Я проделал уже такую бездну работы по феноменологии постижения ценности, что ничего из происходящего со мной сейчас не показалось мне ни странным, ни необъяснимым. Литтлуэй потом сказал, что с виду я не особо и изменился, так что несколько минут он даже сомневался, удался ли вообще эксперимент. Я сознавал, что поднимающиеся во мне силы — мои собственные. Но понятно было и то, почему Лонгстрит считал, что усиление вызвано исключительно током. Для всякого, у кого нет привычки к самоанализу, такое умственное «раскрытие» действует, должно быть, ошеломляюще. Есть в нем что-то от театрального действа; мне вспомнилось открытие рождественских пантомим, на которые меня водили в детстве: поднимается занавес, а там на сцене — и актеры, и костюмы, и декорации!
Довольно странно, но у меня не возникало ощущения, что все эти инсайты располагаются в коре именно фронтальных долей. Так или иначе, они задействовали все участки мозга, особенно гипоталамус.
Через первые тридцать секунд расслабленность сошла на нет, уступив место все скопляющейся силе и сосредоточенности. Вместе с тем я сознавал в себе способность
проецироватьэту сосредоточенность на цитадели мысли. Из всех сравнений самое наглядное здесь — внезапная прогалина света среди пелены густого тумана.
— Что ты ощущаешь? — послышался голос Литтлуэя.
— Обычное сознание.
— То есть все без изменений? — прозвучало удивленно и разочарованно.
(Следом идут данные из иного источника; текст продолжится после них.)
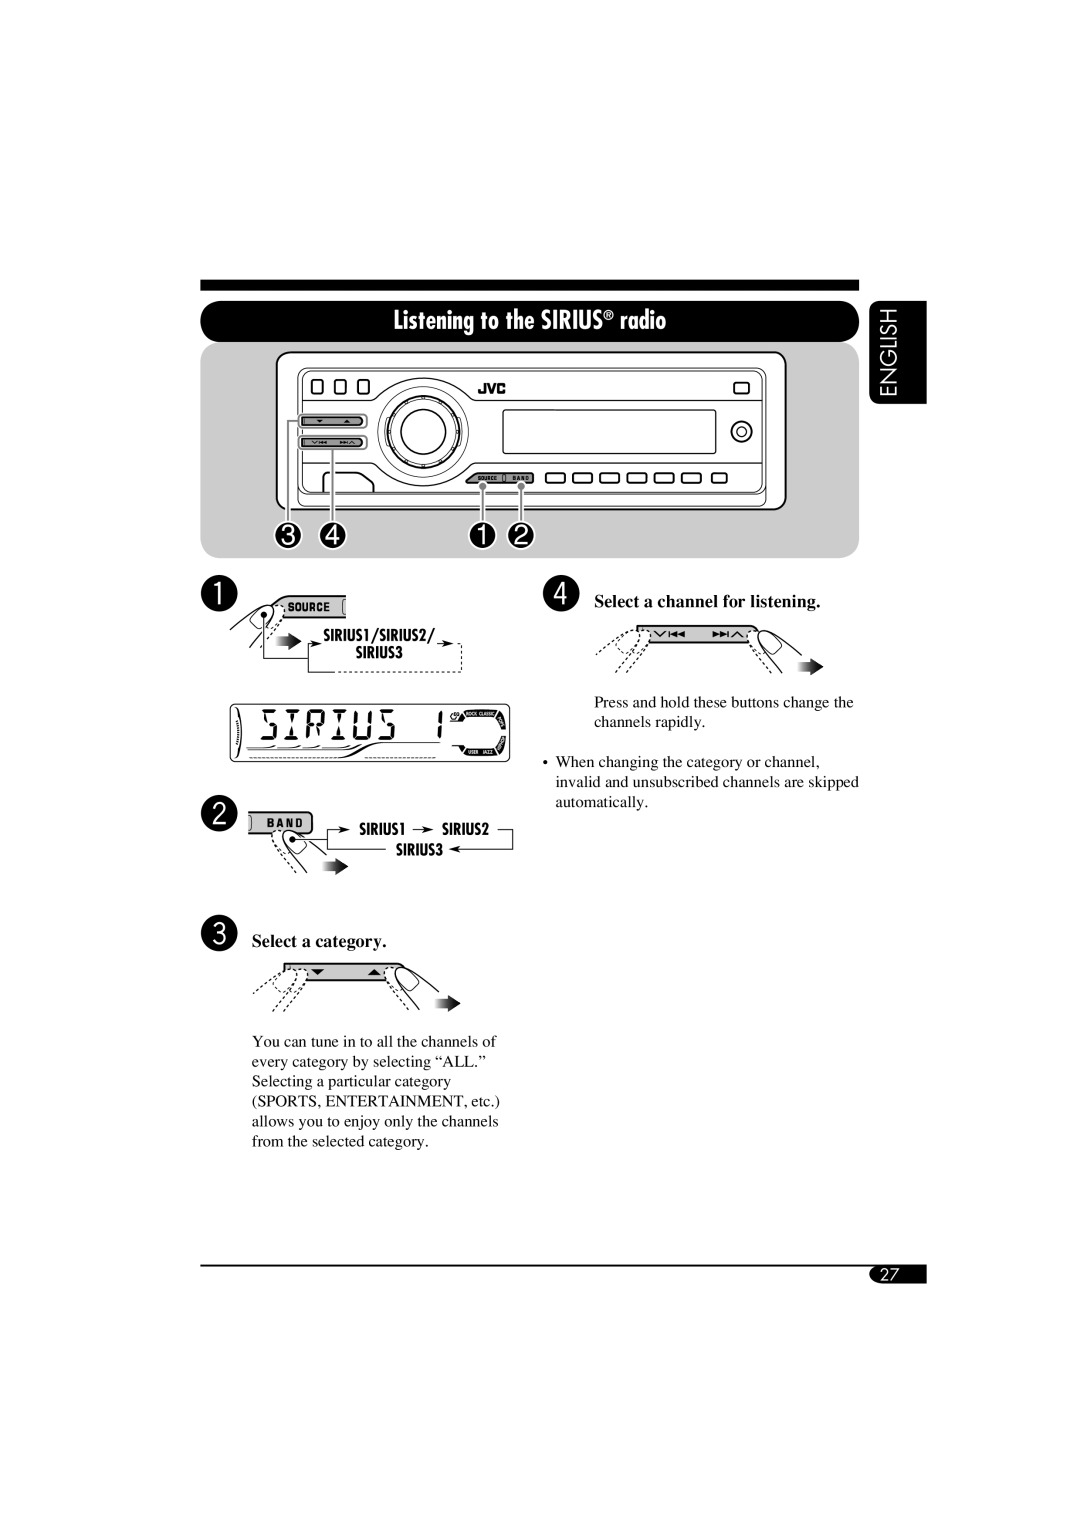 JVC KD-G510, KD-AR560 manual Listening to the SIRIUS radio, English, Select a category, ⁄Select a channel for listening

— Что ты, изменение есть, да еще какое, Я же не сказал: «повседневное сознание». Я сказал: «обычное сознание». Так что ненормальным надо считать именно повседневное. А это вот и есть нормальное.
Часть вторая
Путешествие на край ночи
Прошел уже примерно год с той поры, как я не брался за свои мемуары. Слова, что на предыдущей странице, не были завершающими; после них я еще писал и писал — о ходе операции, об истинной природе моих инсайтов, о беседе с Литтлуэем. А затем понял, что продолжать ни к чему, так как окончательно очертился вопрос, над которым я раньше как-то не задумывался. Для кого я пишу? Для «обычных людей»? Или для людей будущего, тех, кто уже совершил эволюционный сказок? Если для последних, то объяснения мои звучат по большей части поверхностно; для первых — они толком ничего и не уяснят.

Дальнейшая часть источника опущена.